Nos corredores, a avaliação é quase unânime. A química de um casal na apresentação traz mais leveza, equilíbrio e amplia a identificação com o público. Existe uma sensação de que o domingo à noite pede essa dinâmica mais complementar, algo que, segundo fontes, faz falta na atual fase do programa.
A insistência em manter duas mulheres à frente da atração tem sido vista como um caminho que ainda não se consolidou em audiência. E os números, que vêm oscilando, só reforçam essa discussão interna.
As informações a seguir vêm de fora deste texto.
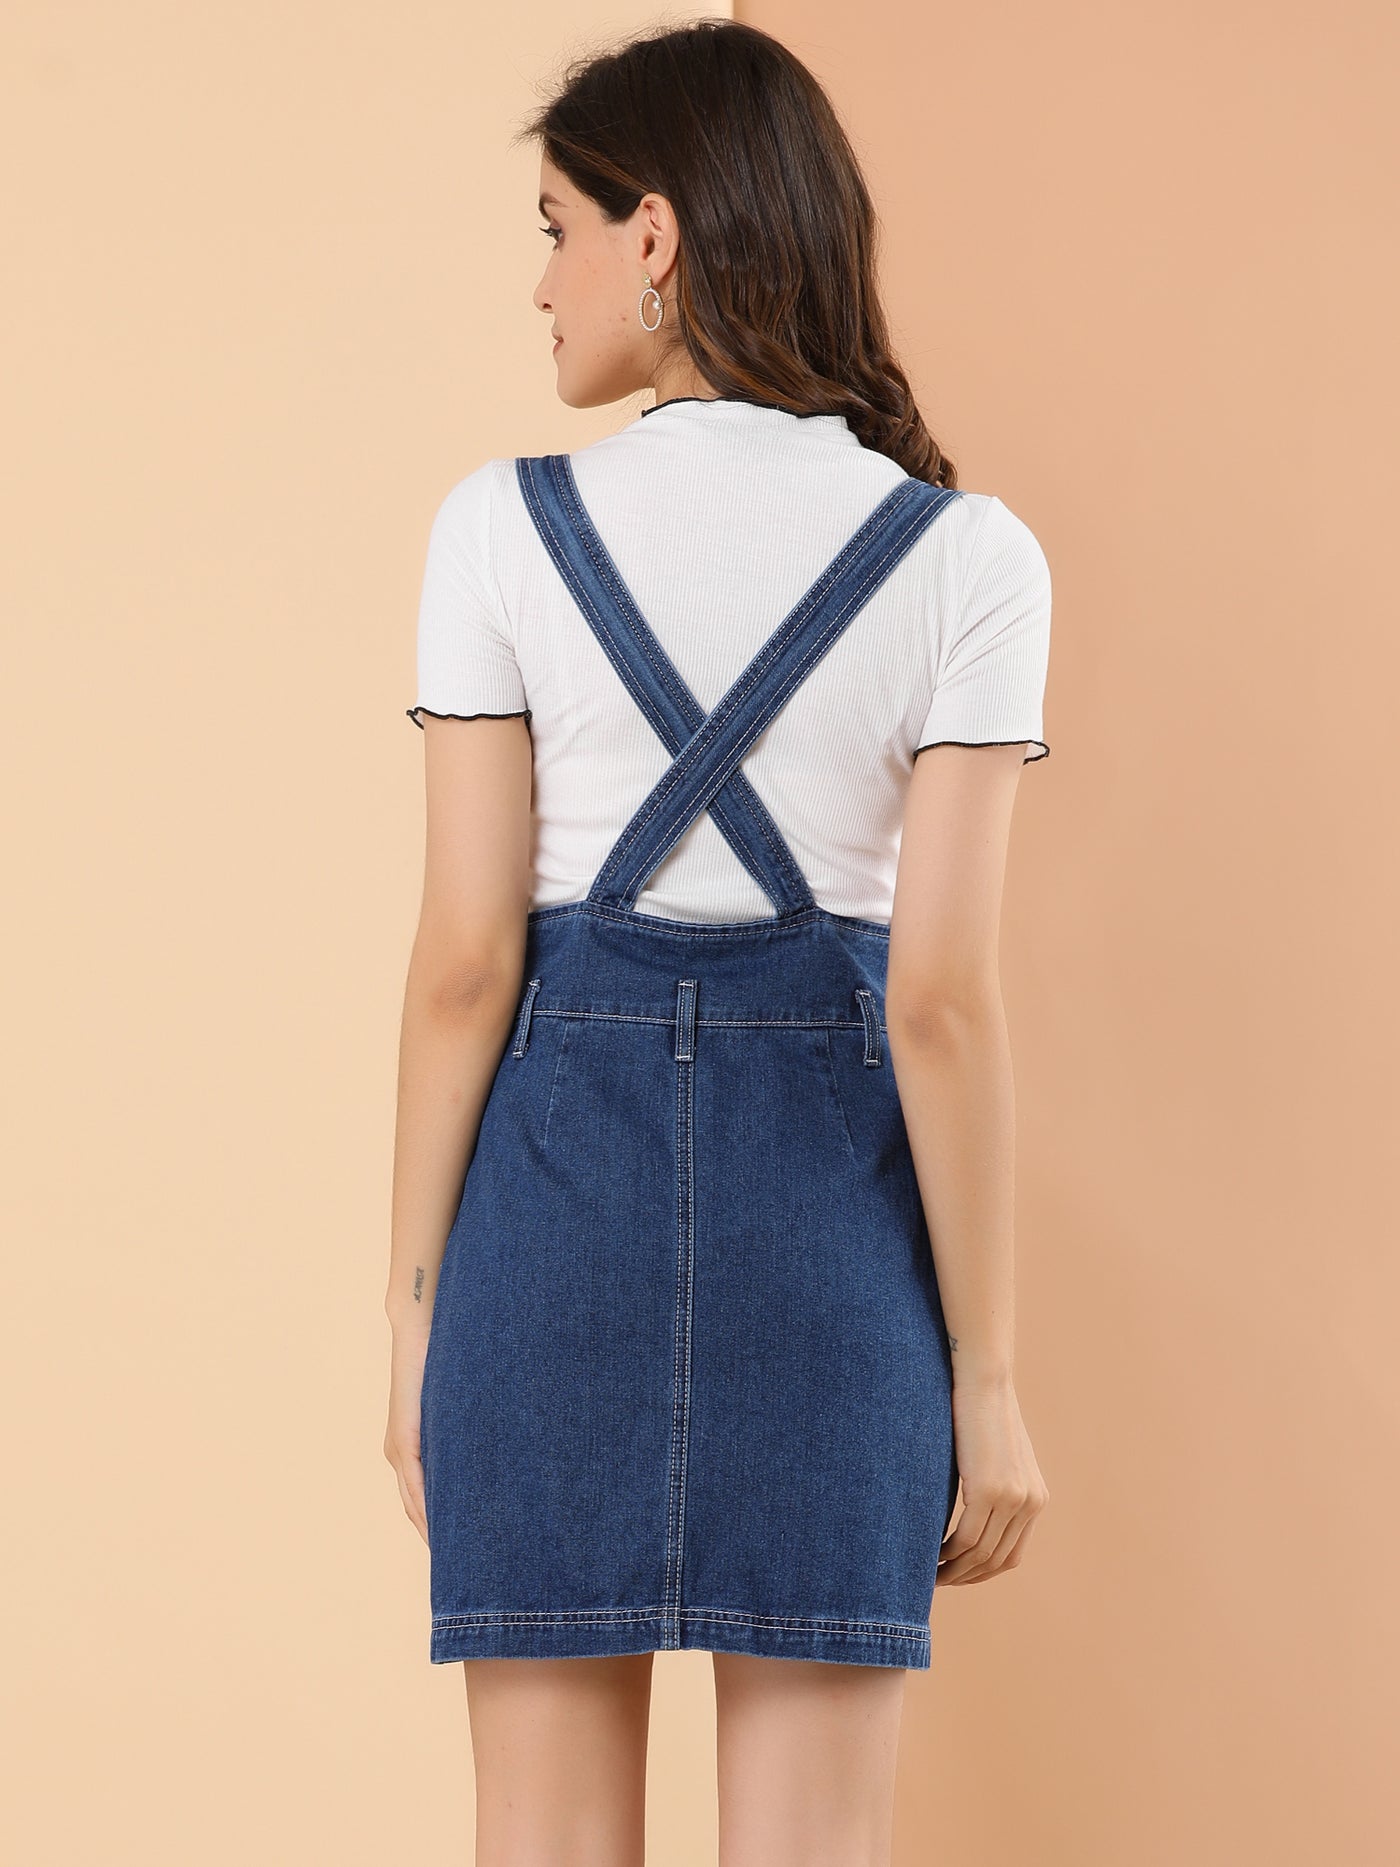 Allegra K Casual Button Down Adjustable Strap Denim Overall Suspender Skirt

Para muitos, incluir uma presença masculina na bancada não é apenas estética, mas estratégica: aproxima o público masculino e equilibra a narrativa dos temas abordados.
Nesse cenário, o nome de Maju Coutinho volta ao centro das conversas — e não exatamente de forma positiva. Há quem diga que ela destoa do estilo atual do programa. Nos bastidores, cresce a percepção de que seu perfil conversa mais com reportagens especiais do que com a condução principal da atração.
E não para por aí. Existe também um movimento silencioso que enxerga Maju com mais potencial no entretenimento. A própria jornalista já declarou, em outras ocasiões, o desejo de migrar para esse universo. Internamente, surgem ideias de encaixá-la em projetos mais leves, como participações em programas de debate ou até em formatos próximos ao estilo do Saia Justa — onde poderia explorar uma nova faceta.
Enquanto isso, Poliana segue firme. Atual, segura e cada vez mais confortável no comando, especialmente quando dividindo a cena com um homem ao lado. A combinação, ao que tudo indica, agrada — e muito.